15 April 2017


We have heard about a park in the city that has some old imperial tombs in it. Apparently they are worth a visit.

Mandatory public dancing for shopworkers to improve moral

We got the info from the girls at the hostel, and they agreed it wasn’t too bad a place if you had nothing else to do. So at least we knew it existed. We would need to change buses at some point, and found the area roughly on the map, then we set out. The first bus was easy enough to catch and we headed east. Then we started looking for the bus stops to find the number of the next bus. Jumping out and changing over we commenced the second leg of the journey. Going further and further out of the city, we started tracking our position on the map as we were not sure if we would recognise the place when we got there. This was a good idea, as the place we got out looked like a massive construction site. No, it didn’t look like a massive construction site, it WAS a massive construction site. The road had been ripped up, and we were going over rough gravel, the four lanes being reduced to two, and there was not much of a park to be seen. A bit of a walk up the side of where the park was supposed to be we saw some green. This was the entrance to a parking lot. We walked in and found that it was indeed the park. There was even a sign on it from 2010 saying what it would look like when it was finished. Listing the path around, and the names of the water features. Nowhere did it list a tomb! Were we in the right park?

Walking over to the guy in charge of parking, we asked him with the translator. No real response. Maybe it was spitting out gibberish, so we made a simpler sentence. He had no idea about any tombs, or just couldn’t care enough to tell us where to go.

Well, we were here now, so we thought we would just enjoy a walk around the park. It was thrilling. There was knee high clover everywhere, a few people jogging or cycling along the path, and the odd tree. The lakes were off to our right, and we could feel the sun beating down on us. If you live in a big city, it is just the type of park you want nearby to spend a summers day with friends. That was exactly what people were doing here.

After a while we had a bend in the path. In the distance people were picnicking in the shade, and there seemed to be a few vendors selling kites and (hopefully) drinks on a small rise. We cut across the grass towards them, climbing through a cut out section of the boundary fence to where they were. It was a little patch of dirt in front of a building. There was a sign here, so we went for a quick look at what it was. Lo and behold, we had found the tombs! The drinks stalls forgotten, we went in. There was no-one around at the entrance, so we walked straight through. We assume that we pay for each tomb. We are not sure if there are two or three here. There is supposed to be the Emperor, his concubine, and a prince.

The path took us to the first tomb. Sitting just inside the door was a guard. He asked for our tickets. What tickets? We were supposed to buy them at the entrance gate.

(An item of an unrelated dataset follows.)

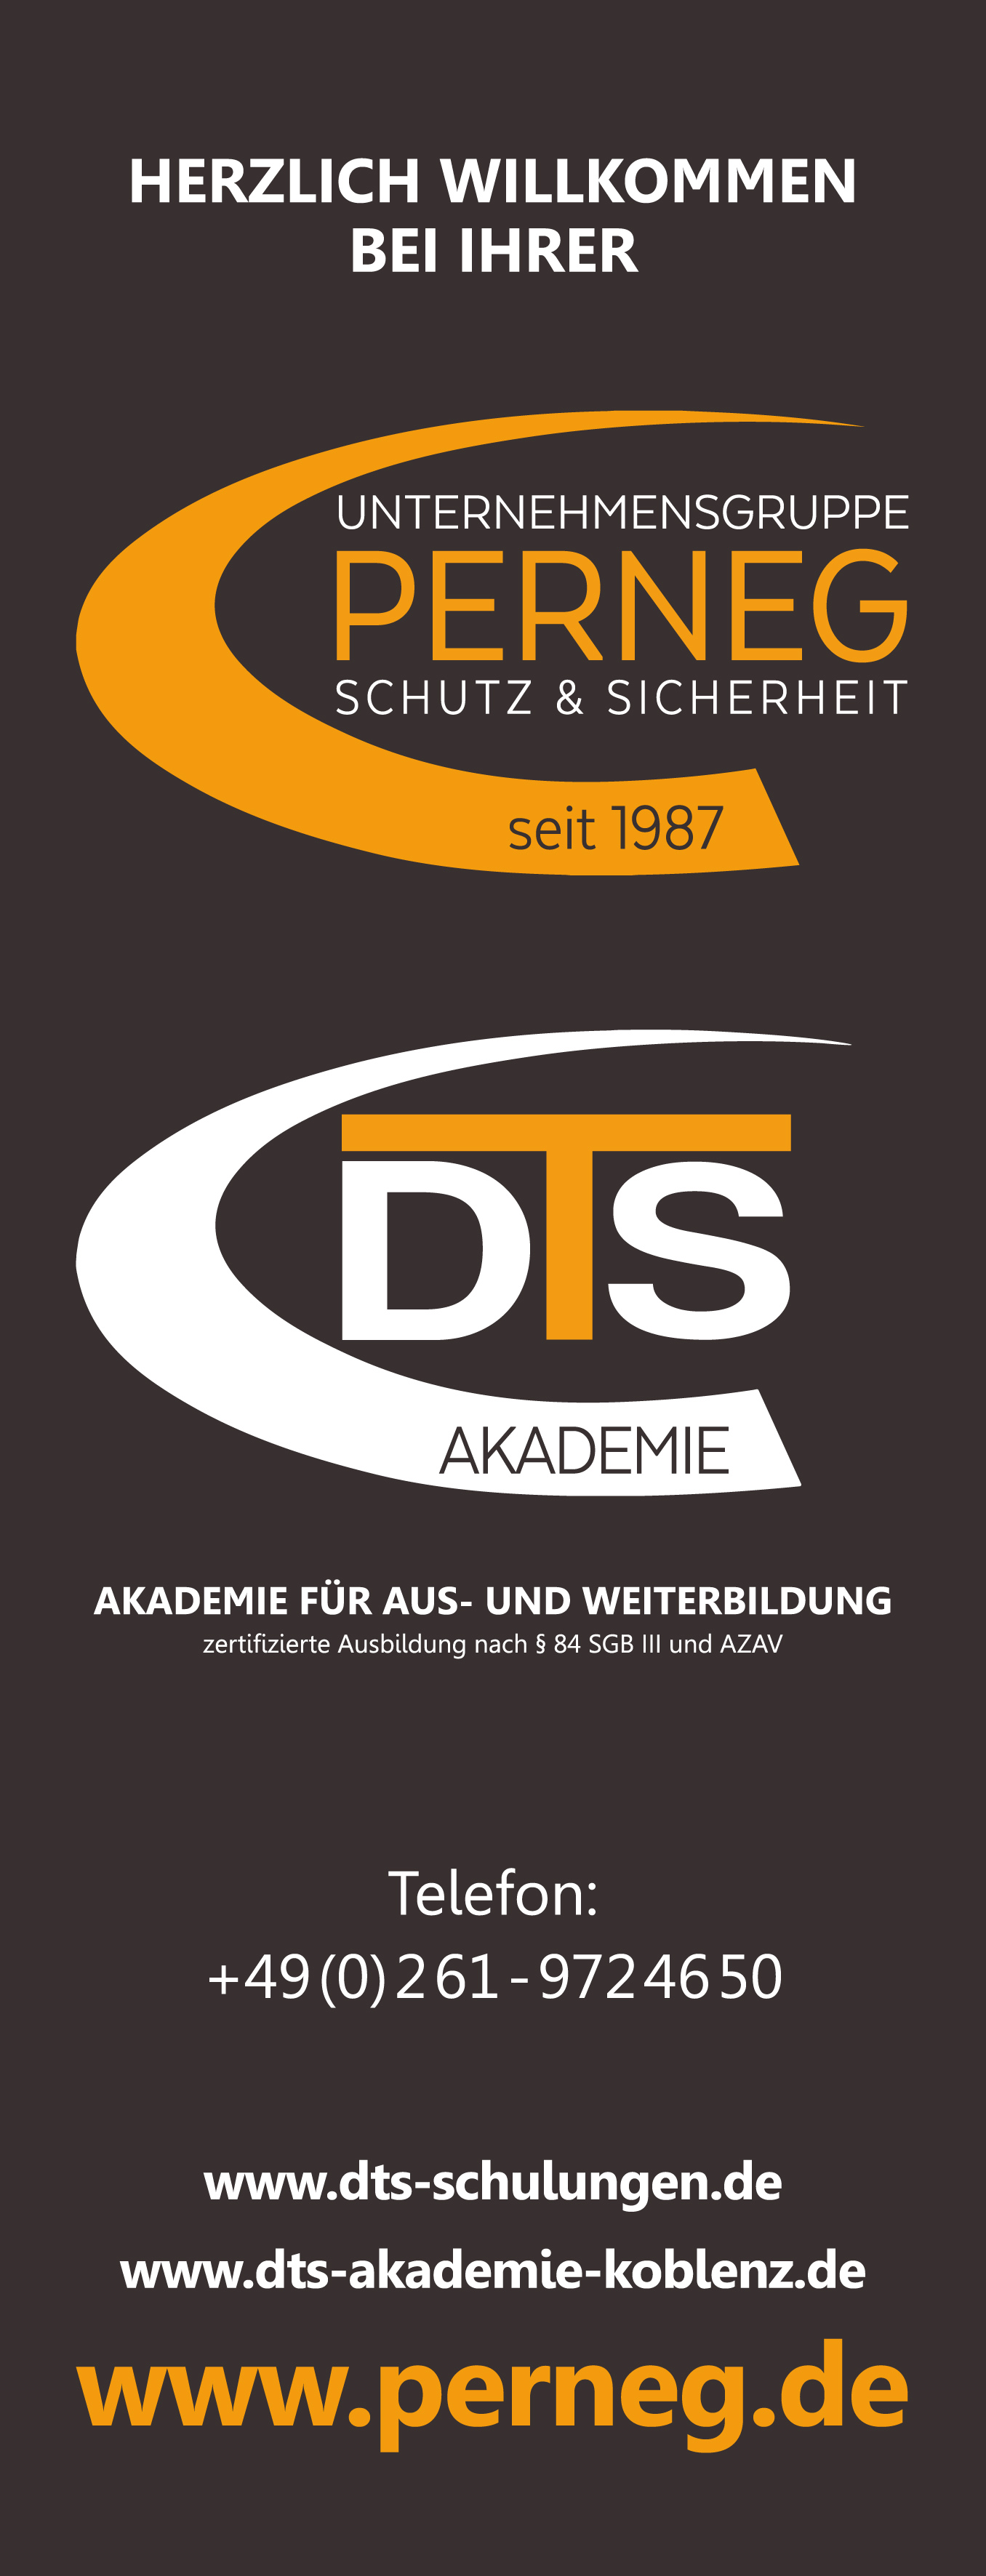 Willkommen bei der DTS Akademie Koblenz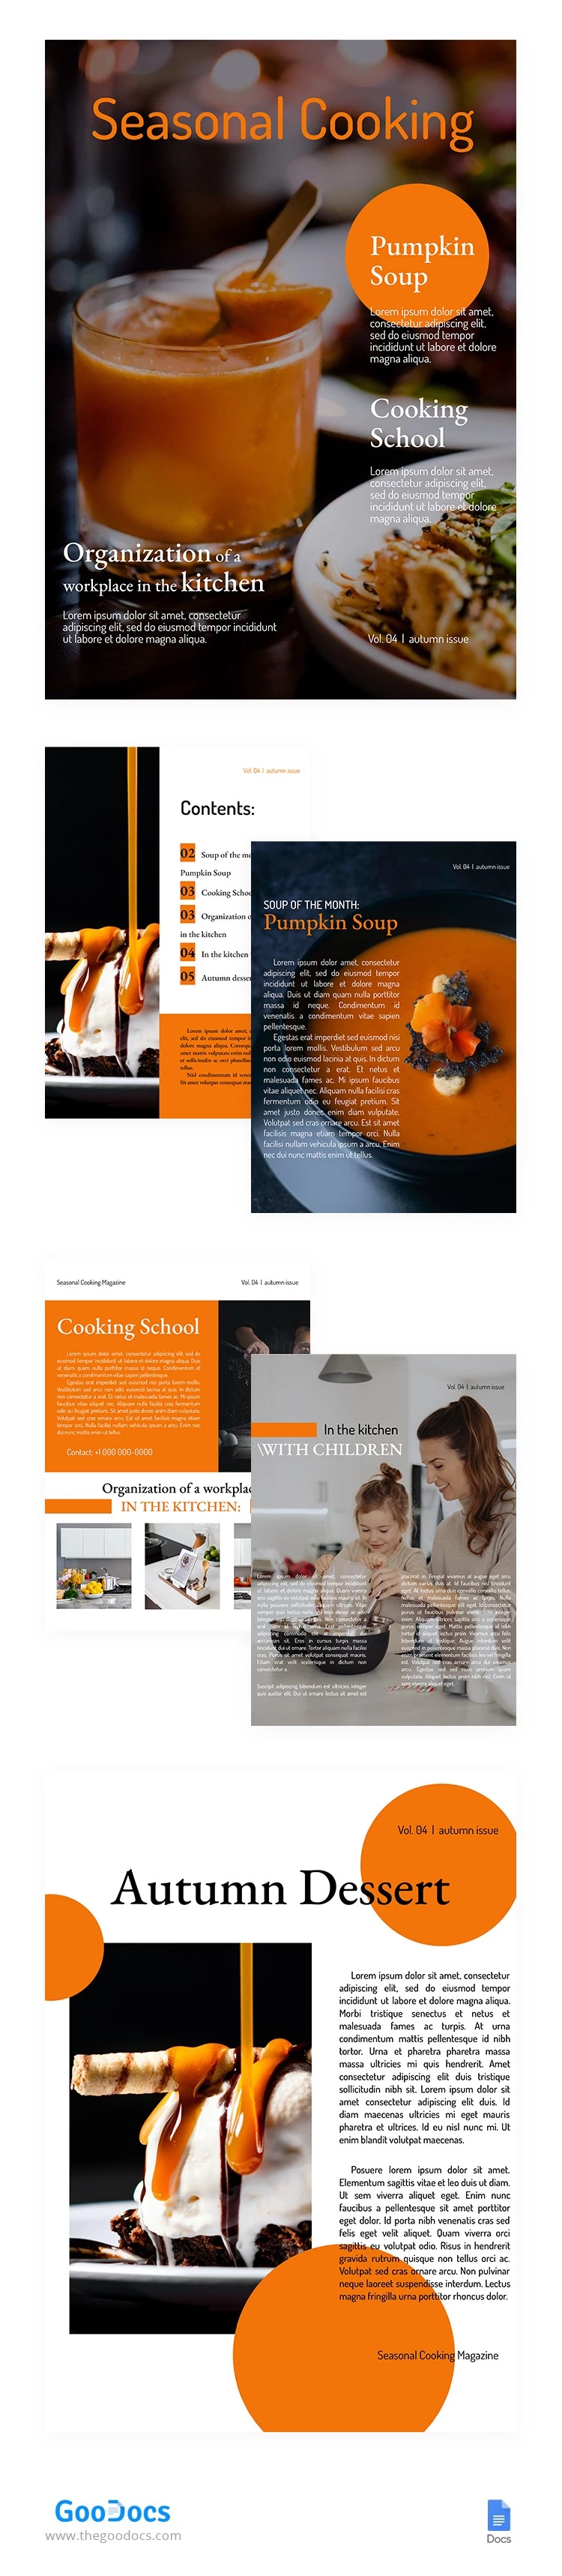 Magazine de cuisine saisonnière - free Google Docs Template - 10062532

So, we walked all the way back, knocked on the window, and got the attention of the girl in the booth. She had to drag herself away from her phone long enough to sell us the tickets then rushed back to it. It looked like this place doesn’t get that many visitors. Or if it does, they don’t want them.

Back to the tomb, where we had our tickets duly stamped. Descending the steps into the tomb, and you could feel the temperature change. It got cooler very quickly. The domed brick roof providing good insulation. At the base is the first entrance chamber. This is done in the same sort of style as a building. Including eves and roof tiles. The tomb has been plundered over the years, not just for the gold, silver and jade that would have been buried here. A lot of the stonework has also been taken. It is a shame. However there was still a fair bit here, and in pretty good condition. The stone slab that would have held the sarcophagus is still here, and the surrounding walls are finely decorated. We think this is the princes tomb, and were now looking forward to the Emperors. If this tomb was so fine, we can only speculate on the next one.

Moving on to the next one, and we were devastated. The destruction here was almost complete.
The walls separating the different chambers had been destroyed, or hacked off at head height.

Ruined sculptures and decorative stone were scattered everywhere. There was no looking after the pieces, and the alter stones were skewed and had other slabs cast on top of them. It looks as if someone has taken a sledgehammer to it, and left the chunks where they fell. The lack of care was apparent as well. We charge money, you visit. So what. Why would we look after it? There is nothing of value here anyway. We just can’t get over it.

The Princes tomb may have paled compared to the Emperors back when they were built, but today, it is the much better example.

Back out, and we went to the small museum on site. Here was yet another apathetic guard. He only moved his eyes from his phone to tell us not to take photos inside.

Right when the Chinese people beside him were taking photos themselves. Apparently this is a rule in china. Foreigners are not allowed to take photos, but Chinese mainlanders can. It happens time and again. A guard walks past a Chinese person taking a photo to chew us out. It wasn’t as if we even used the flash, as we all know that flash photography can destabilise the molecular structure of pottery and turn it to dust. Or is it that it sucks a bit of the soul our of the pottery eventually leading to its disintegration?

The museum had a number of funeral goods and pottery figurines found in the tombs. Not as impressive as the Terracotta Warriors (which we have yet to see), but detailed reproductions of daily life.